Periodic trends in the energetics of ion formation

Chemical reactions are based largely on the interactions between the most loosely bound electrons in atoms, so it is not surprising that the tendency of an atom to gain, lose or share electrons should play an important role in determining its chemical properties.

Periodic trends in ionization energy

The term “ionization energy” always refers to removal of electrons of an atom, leading to the formation of positive ions. In order to remove an electron from an atom, work must be done to overcome the electrostatic attraction between the electron and the nucleus; this work is called the ionization energy of the atom and corresponds to the exothermic process

M(g) → M⁺(g) + e^–

in which M(g) stands for any isolated (gaseous) atom.

An excellent series of  videos on ionization energy and electron affinity from UC-Berkeley:

Ionization energy, electron affinity  (6 min)

Quiz on ionization energy 

An atom has as many ionization energies as it has electrons.
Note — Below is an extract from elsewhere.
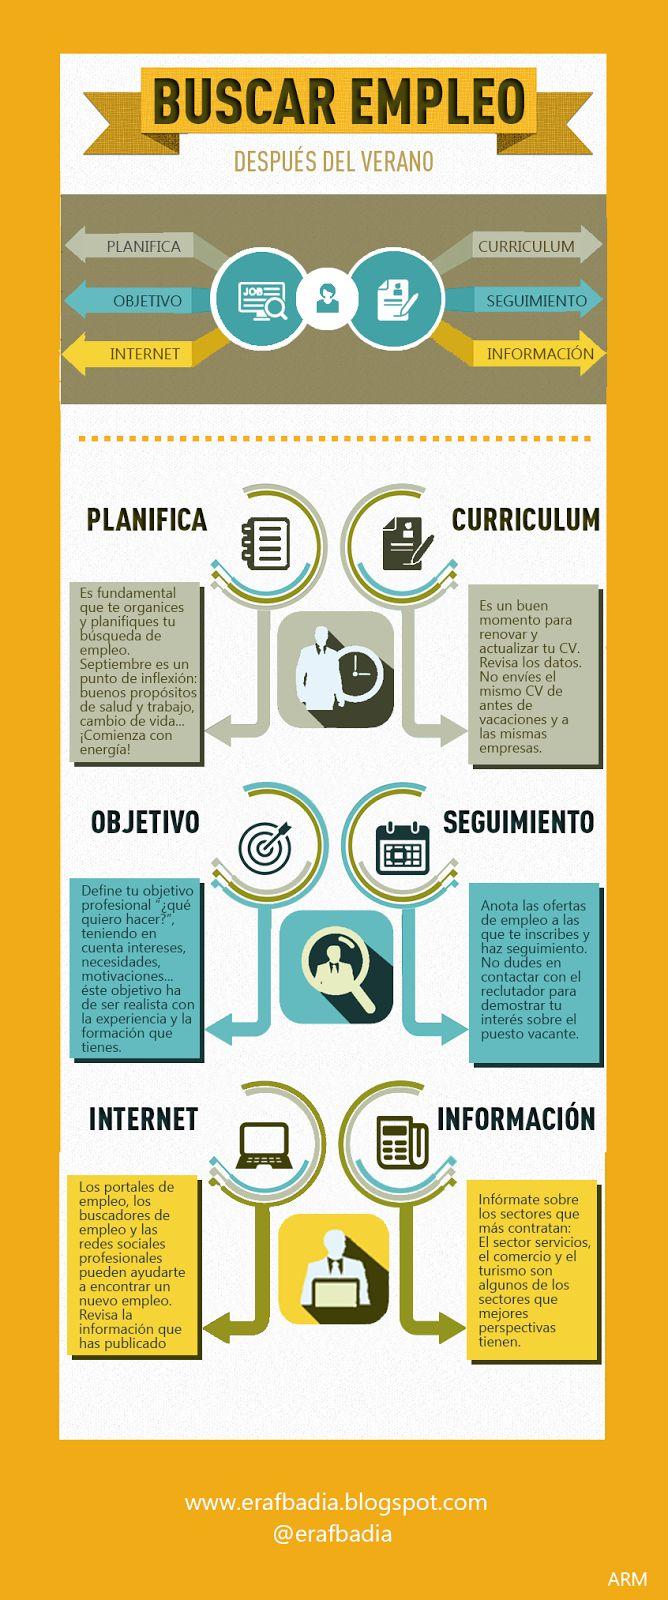 Mejores 11 imágenes de empleo en Pinterest | Empleos, Recursos ...

Electrons are always removed from the highest-energy occupied orbital. An examination of the successive ionization energies of the first ten elements (below) provides experimental confirmation that the binding of the two innermost electrons (1s orbital) is significantly different from that of the n=2 electrons. Successive ionization energies of an atom increase rapidly as reduced electron-electron repulsion causes the electron shells to contract, thus binding the electrons even more tightly to the nucleus.
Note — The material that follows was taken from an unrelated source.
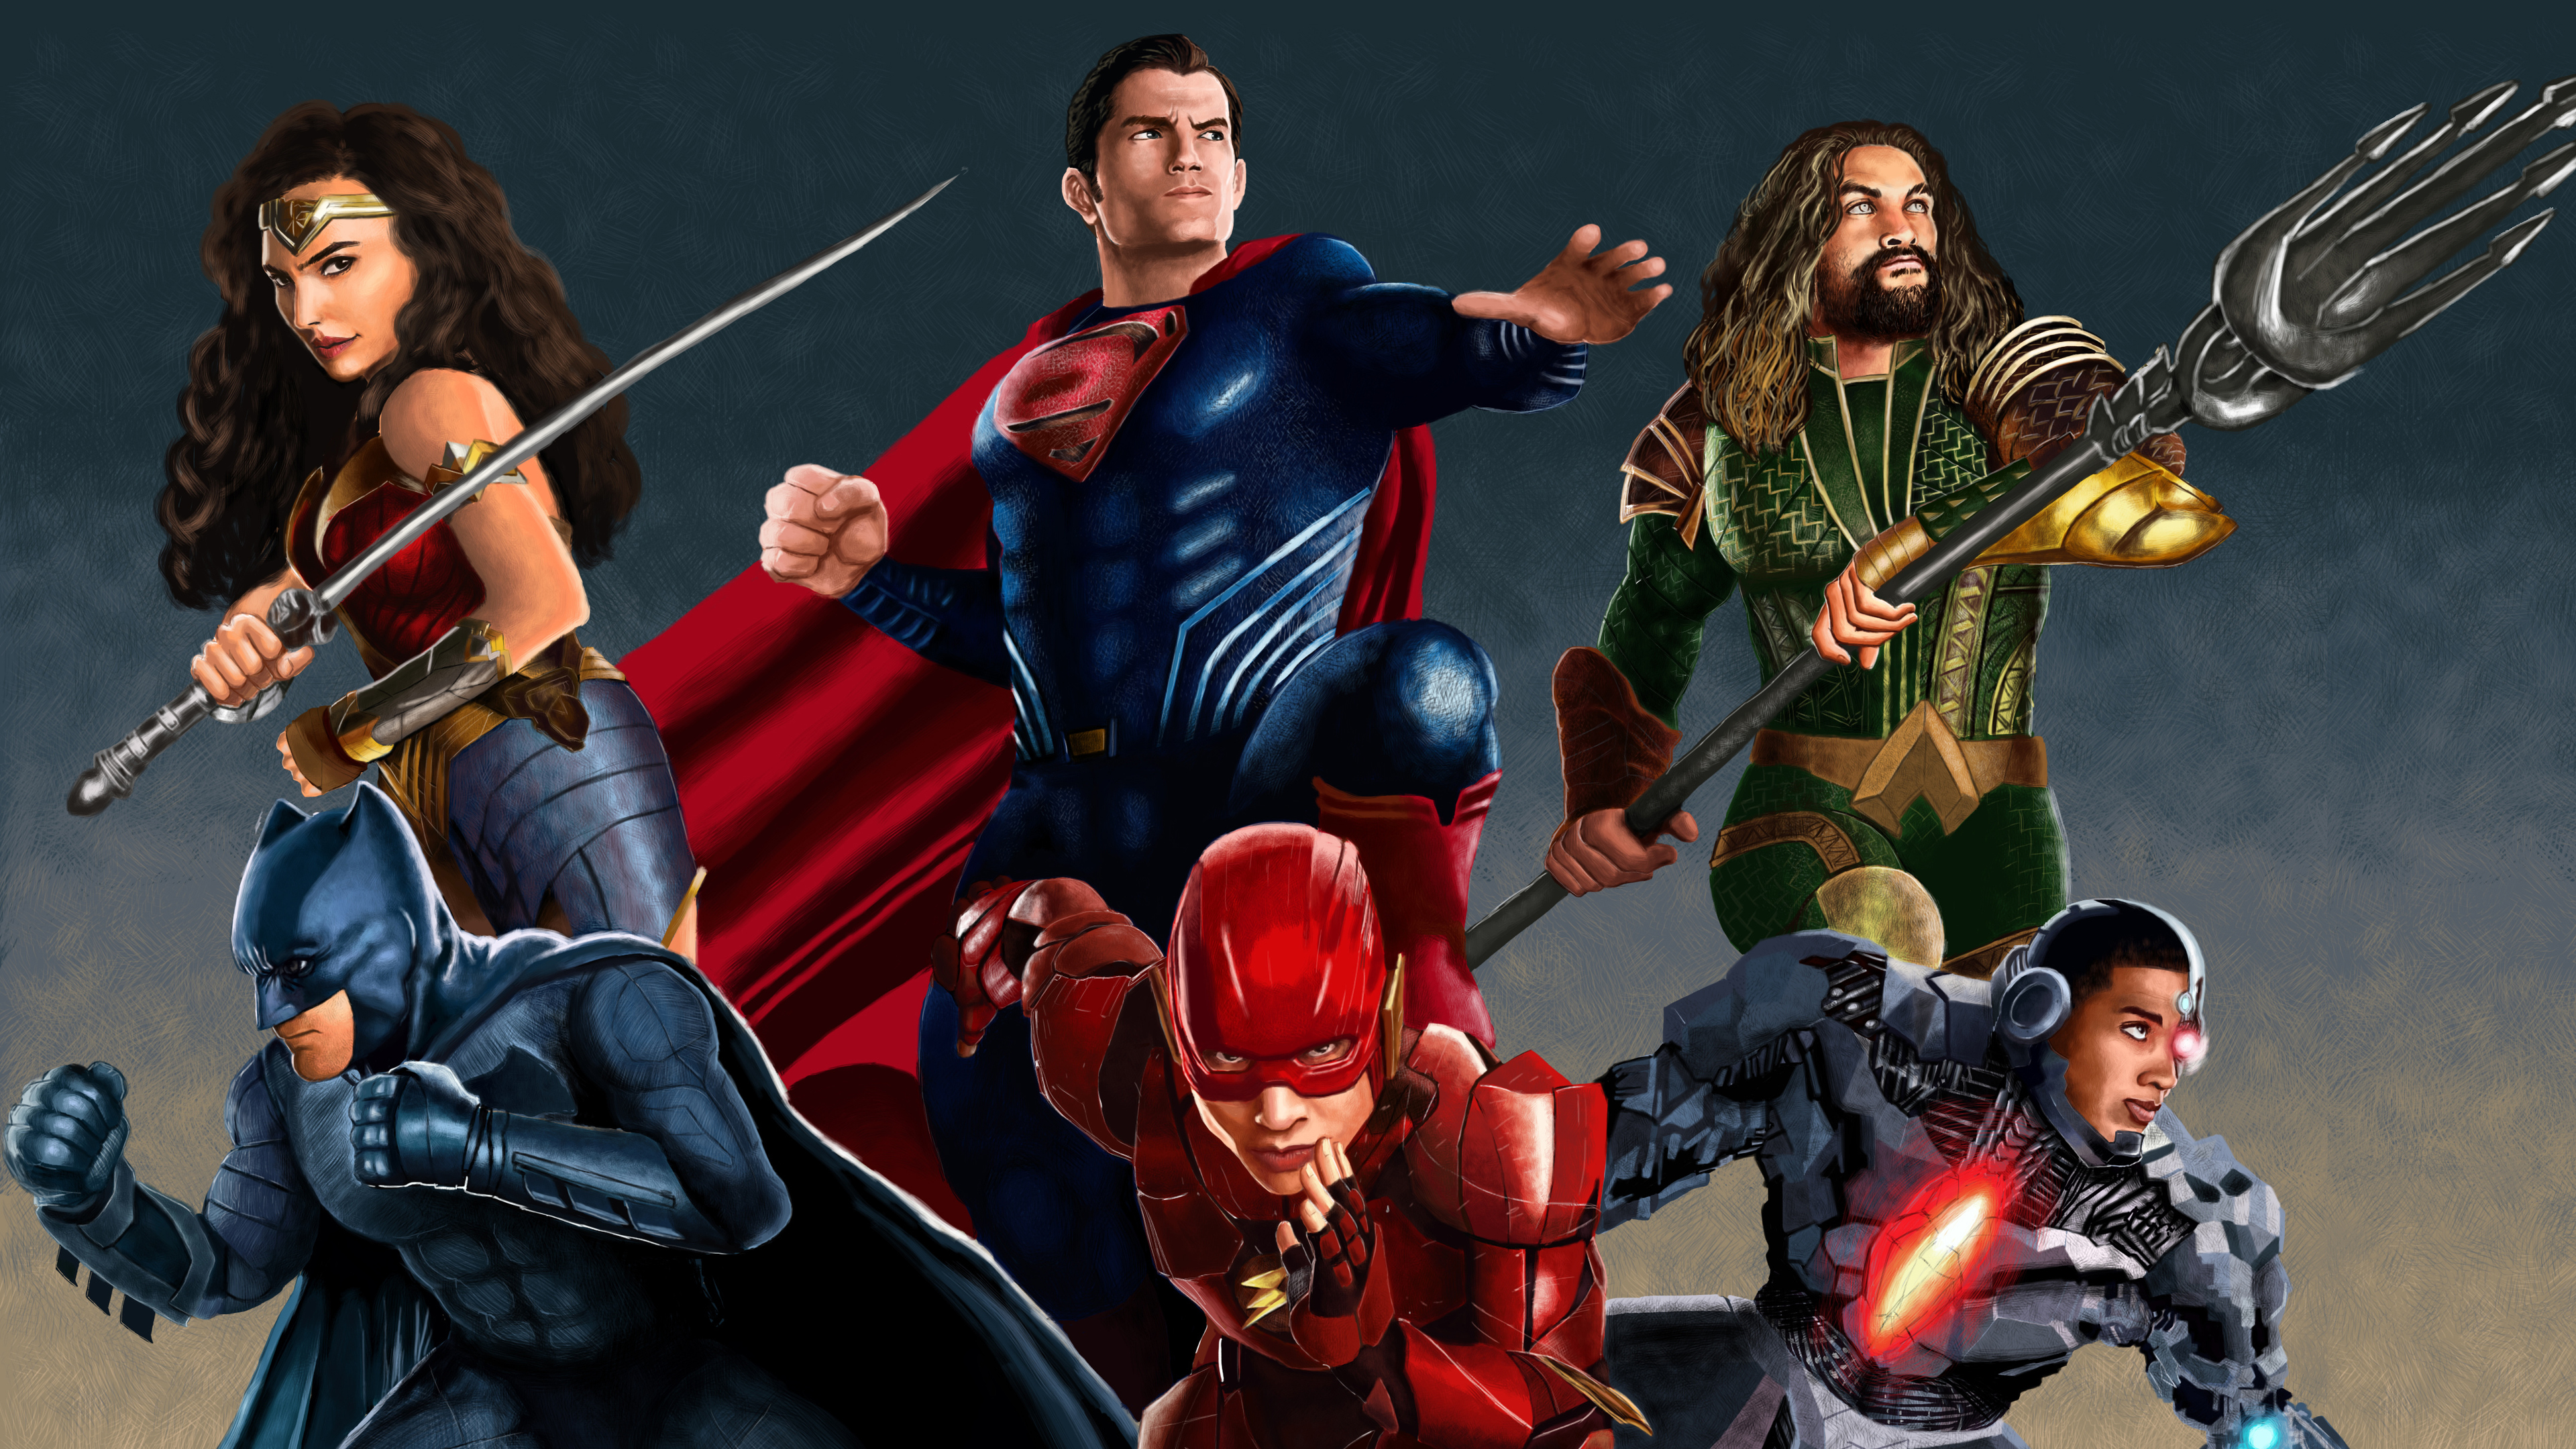 Wallpaper 4k Justice League Artworks 4k 4k Wallpapers

The table lists the energies, in electron volts, required to remove each successive electron from the first ten elements.

Figure 6.54 Ionization energy Trend

It’s worth taking some time to examine the rather abrupt jumps in the sequence E1 through E10 as the atomic number increases. Note the very large jumps in the energies required to remove electrons from the 1s orbitals of atoms of the second-row elements Li-Ne.

Ionization energies increase with the nuclear charge Z as we move across the periodic table. They decrease as we move down the table because in each period the electron is being removed from a shell one step farther from the nucleus than in the atom immediately above it. This results in the familiar zig-zag lines when the first ionization energies are plotted as a function of Z.

 Figure 6.55 Periodic Trend in first Ionization energy

Figure 6.56 Periodic Trend in Period 2 Ionization energy

This more detailed plot of the ionization energies of the atoms of the first ten elements reveals some interesting irregularities that can be related to the slightly lower energies (greater stabilities) of electrons in half-filled (spin-unpaired) relative to completely-filled subshells.

Depicting the ionization energies of the main group elements in the context of the periodic table offers a more comprehensive view of these trends.

Figure 6.57 Periodic Trend in Ionization energy

Some points to note:

• The noble gases have the highest IE’s of any element in the period. This has nothing to do with any mysterious “special stability” of the s²p⁶ electron configuration; it is simply a matter of the high nuclear charge acting on more contracted orbitals.
• IE’s (as well as many other properties) tend not to vary greatly amongst the d-block elements. This reflects the fact that as the more-compact d orbitals are being filled, they exert a screening effect that partly offsets that increasing nuclear charge on the outermost s orbitals of higher principal quantum number.
• Each of the Group 13 elements has a lower first-IE than that of the element preceding it. The reversal of the IE trend in this group is often attributed to the more easy removal of the single outer-shell p electron compared to that of electrons contained in filled (and thus spin-paired) s– and d-orbitals in the preceding elements.